Fortunately my current project-of-the-minute (it’s changed a lot recently ;D) is single screen and 2D so I should be able to avoid them pretty easily. Is manipulating the matrix stack really a no-no now? I’m amazed!

[quote]There you go.

Cas
[/quote]
Much appreciated! I really wish this kind of knowledge was published somewhere. I know it depends very much on platform-dependent features, but there should be a Good Practice guide at least.

Cheers,
Charlie.

gregorypierce · March 9, 2003, 2:58am

In the latest iteration of the specification it is there. It doesn’t really matter how the vertices are staged - to the vertex or fragment program, the vertices or texture coordinates appear as a steady stream of data so whether or not you’ve interleaved your arrays or specified them seperately they will just appear in the in parameter to your shader. No biggie. I now have two vertex buffer types, one that handles interleaved data that I use for everything and another one that has it all seperated out for when I get to something that can’t handle it. Currently I haven’t had any issues with register combiners with interleaved arrays. My current bump mapping is now done in one pass using register combiners on GeForce4 caliber hardware.
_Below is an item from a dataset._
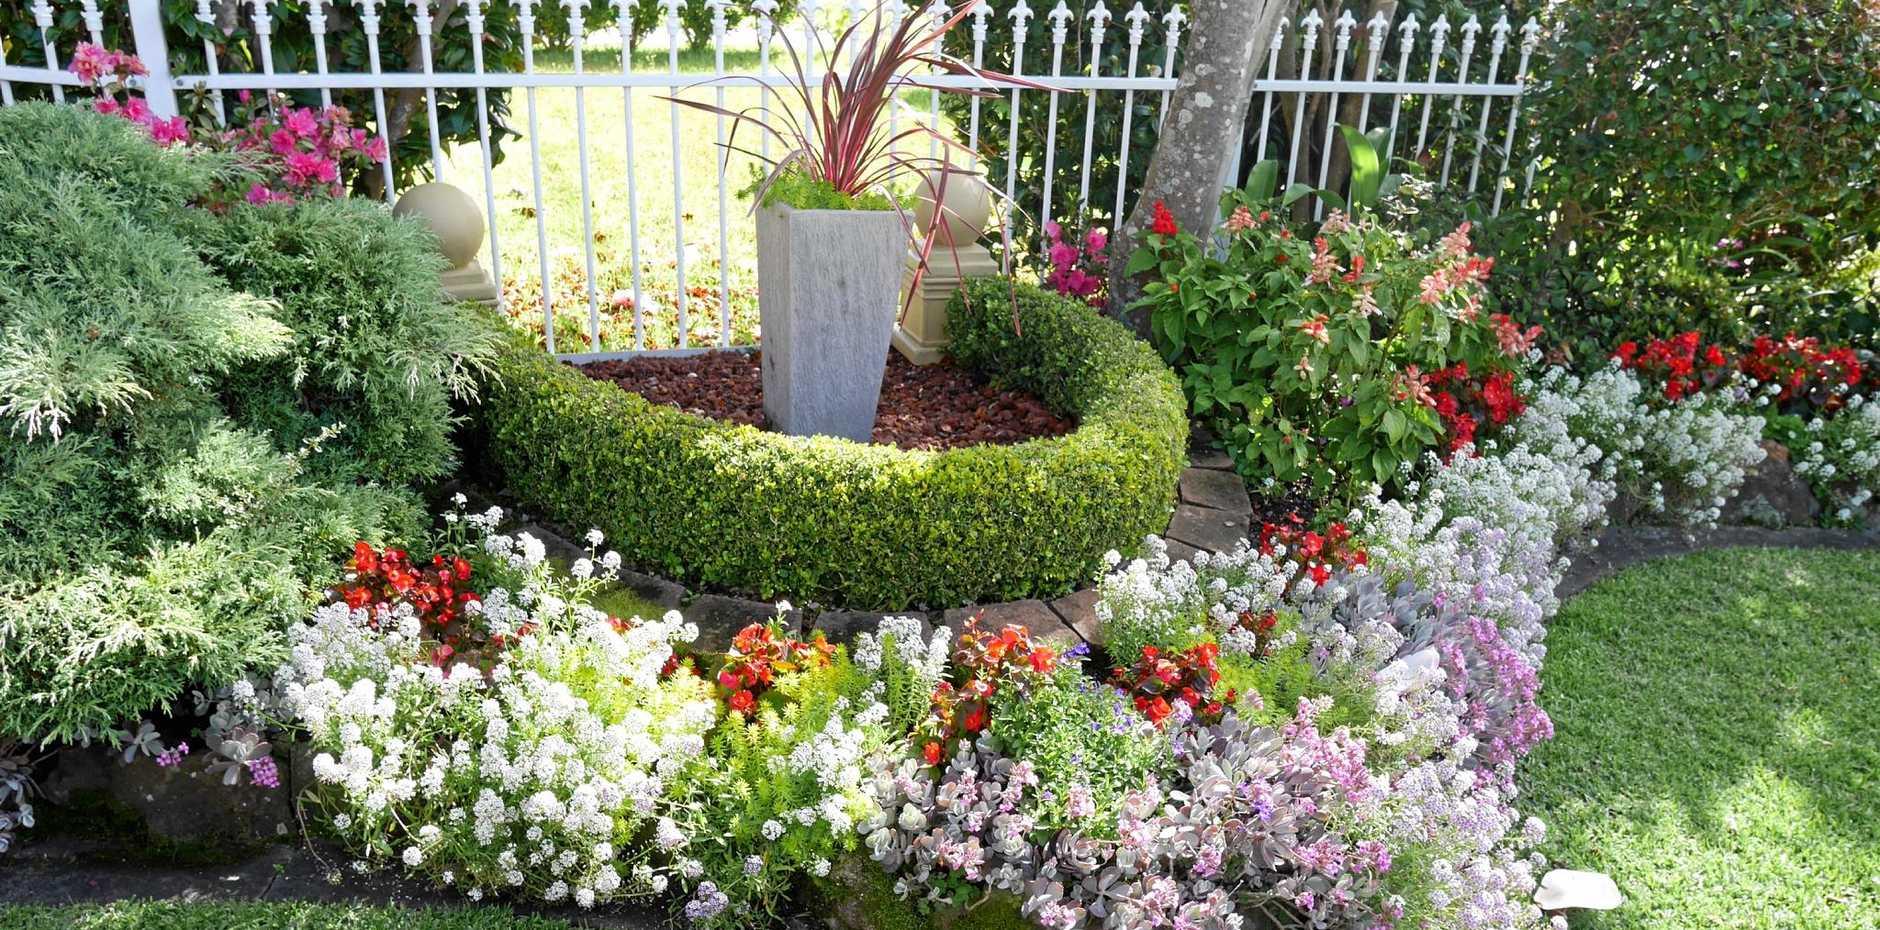 CHAMPION RESIDENTIAL : Alva Bell - Champion Residential Gardens Under 1000m2 .

princec · March 9, 2003, 9:35am

Ah, you lucky people with big fast video cards

Cas

gregorypierce · March 9, 2003, 6:45pm

Heh, if you will ‘code for hardware’ I’m sure I can arrange to get you a GeForce FX for a certain special piece of rendering code

cfmdobbie · March 10, 2003, 4:47pm

[quote]Use bytes for colours, not floats, to avoid a costly float->byte conversion on the client end.
[/quote]
Sorry, just been wondering about this.

Doesn’t the OpenGL pipeline usually use floats for colour values already? Won’t this just cause the conversion to be done in the driver? Wouldn’t using floats from the start avoid this?

If you’re using bytes for colours, are you then only using values from 0 to 127 and passing them to OpenGL as (signed) GL.BYTEs, or doing something much more devious?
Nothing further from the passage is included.